Jemma looked at Guillermo quizzically. ‘How does that turn you into a vegetarian?’
‘You cut down a beautiful tree, it becomes wood. You shoot a man in the head, he becomes meat.’
Jemma shivered.
Another seagull landed nearby. Larry barked at it and it flew away.
‘I . . .’ Jemma began. The boys looked at her and she shook her head. ‘Doesn’t matter.’
Guillermo flicked a pipi shell into the grey-green water.
‘Every hell is different,’ he said. ‘It’s what we do with our hell that defines us. Do we take drugs and pretend that hell doesn’t exist? Do we wear hell like a badge? Do we curl up and sulk in the corner somewhere? Do we swallow it and die slowly as it eats us from the inside? Do we build a fortress and make it a private hell? Do we paint smiles on our faces and pretend hell doesn’t exist? Do we drag everyone down with us?’

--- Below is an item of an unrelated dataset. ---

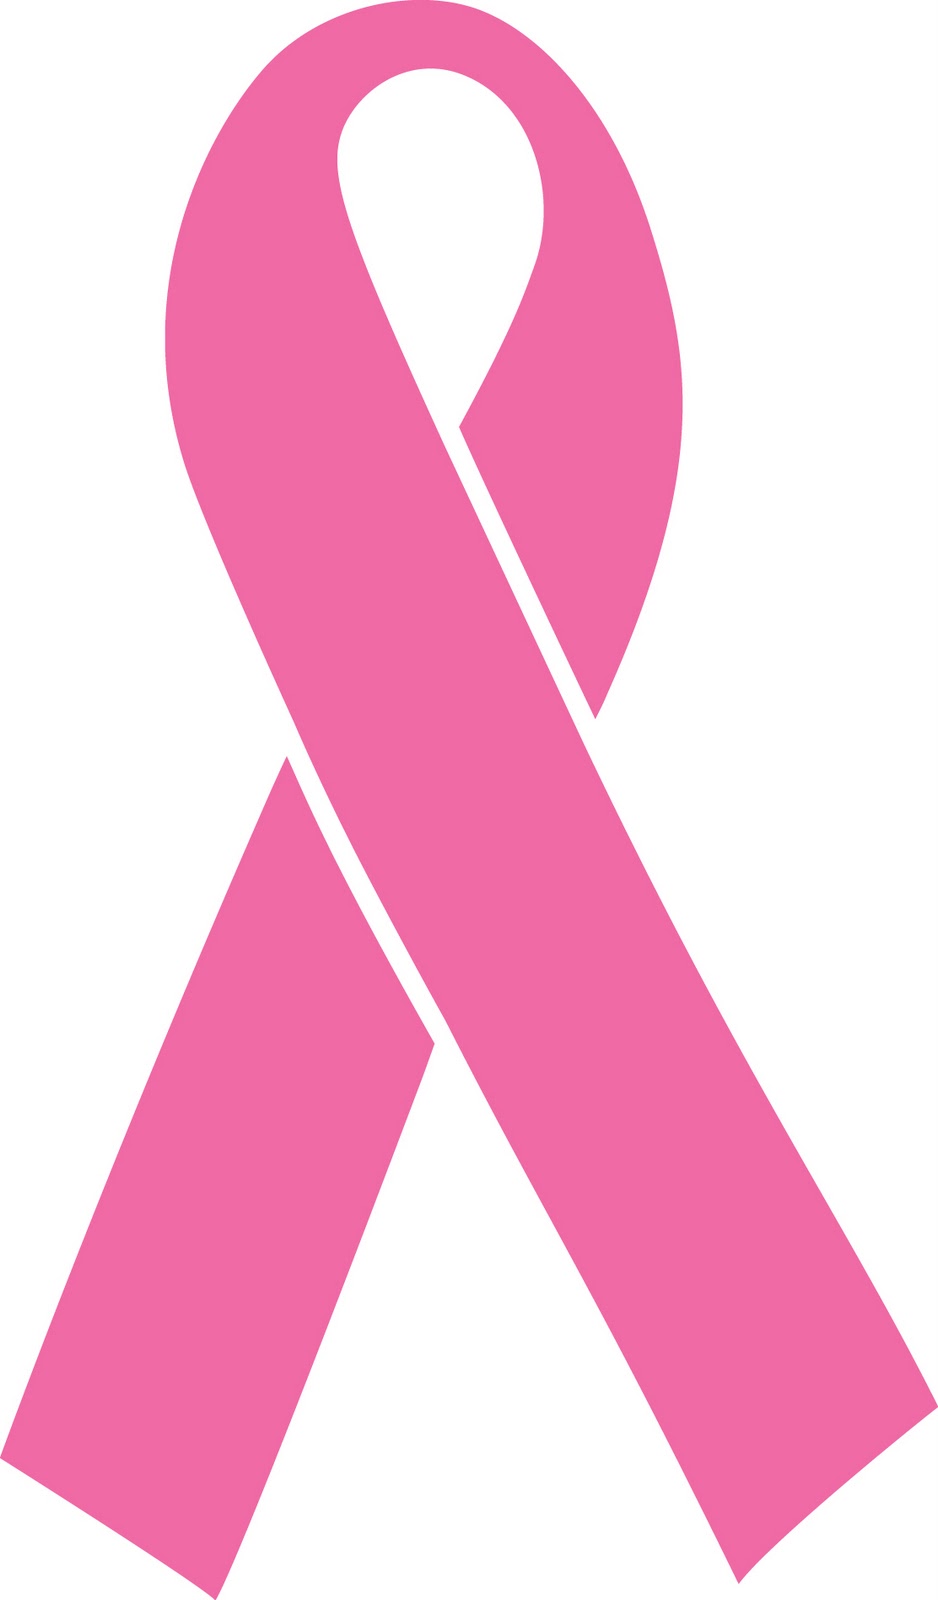 Images For > Black And White Breast Cancer Ribbon Template

Guillermo’s words sounded like a poem to Larry. His thoughts were drawn to Vince and Muriel. Muriel may have seemed like an ogre in stockings and flat shoes, but what was her hell like? Was she born with an armour-plated heart or had it evolved to protect her from the loss in her life? And if her own mother or father were the reason she’d turned out the way she had, what of their personal hells? Suddenly hell stretched further than his mind could reach, and the fact that any family existed at all seemed like a miracle.
He stood.
‘What is it?’ Guillermo asked.
‘Where are you going, Larry?’
‘I . . . I need to run. I’ll see you later.’
He looked back as he stepped onto the breakwater wall and the gap he’d left between his friends had disappeared. He collected his length of rope and set the Hammersmiths’ dog yapping by knocking on their door.